Many people also don’t know the trends that occur or the statistics that relate to injury. A lot of this information had been mainly for academic or medical uses only, but not for the public. The public’s knowledge on injury is mainly grounded on the media and it’s representation of injuries. Using a Pediatric Trauma Database from 2007-2012 and a paper on Pediatric Trauma, I have compiled a plethora of graphs and charts that represent injuries, not as accidents, but as something that can be predictable and hopefully preventable.

INJURY DEMOGRAPHICS

The following graphs show a few demographics on how injuries affect different ethnicity, age, gender, and locations in Connecticut. In terms of ethnicity, people of white descent make up the majority of injury patients who are serviced at Connecticut’s Children Medical Center, followed by people who did not give a specific ethnicity. Followed by those groups are Hispanics, Blacks, and then Asians.

For age groups, interestingly, the majority of male patients are aged 5-9, but there is a decrease after the age of 9. For females however, there is an increase of injury patients during early and late adolescence. Overall however, males suffer from injuries more than females.

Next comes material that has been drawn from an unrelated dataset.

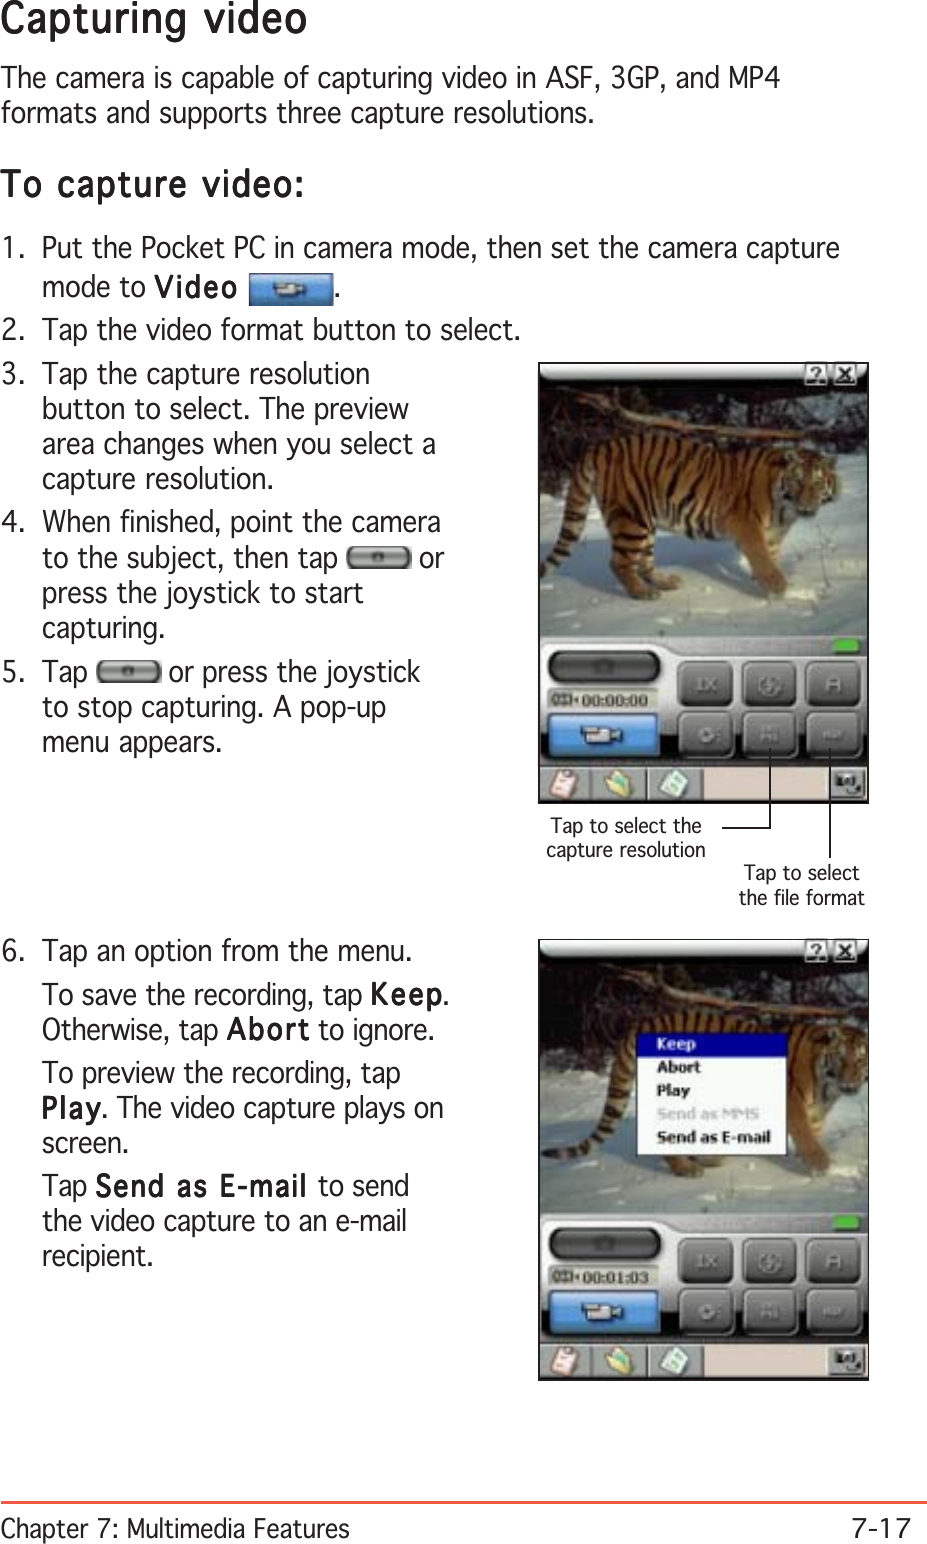 Chapter 7: Multimedia Features7-17Capturing videoCapturing videoCapturing videoCapturing videoCapturing videoThe camera is capable of capturing video in ASF, 3GP, and MP4formats and supports three capture resolutions.To capture video:To capture video:To capture video:To capture video:To capture video:1. Put the Pocket PC in camera mode, then set the camera capturemode to VideoVideoVideoVideoVideo .2. Tap the video format button to select.3. Tap the capture resolutionbutton to select. The previewarea changes when you select acapture resolution.4. When finished, point the camerato the subject, then tap   orpress the joystick to startcapturing.5. Tap   or press the joystickto stop capturing. A pop-upmenu appears.6. Tap an option from the menu.To save the recording, tap KeepKeepKeepKeepKeep.Otherwise, tap AbortAbortAbortAbortAbo rt to ignore.To preview the recording, tapPlayPlayPlayPlayPl a y. The video capture plays onscreen.Tap Send as E-mail Send as E-mail Send as E-mail Send as E-mail Send as E-mail to sendthe video capture to an e-mailrecipient.Tap to selectthe file formatTap to select thecapture resolution

The next graph shows where the majority of injuries occur. There are more injuries that occur at home more than any other location. The next location where injuries occur the most are in recreational areas, such as parks. These injuries may include sport injuries, or anything involving physical activity.

This next graph focuses on the Injuries based on Mean age. This graph represents the most common injuries per mean age group. For instance as the title suggests, falls are the most common injury that patients come to the hospital for. Also, falls are more likely to happen to young children.

The next map shows the distribution of patients serviced at CCMC based on the patient’s home town. The majority of patients come from the immediate Hartford area, which is not surprising because CCMC is located in Hartford.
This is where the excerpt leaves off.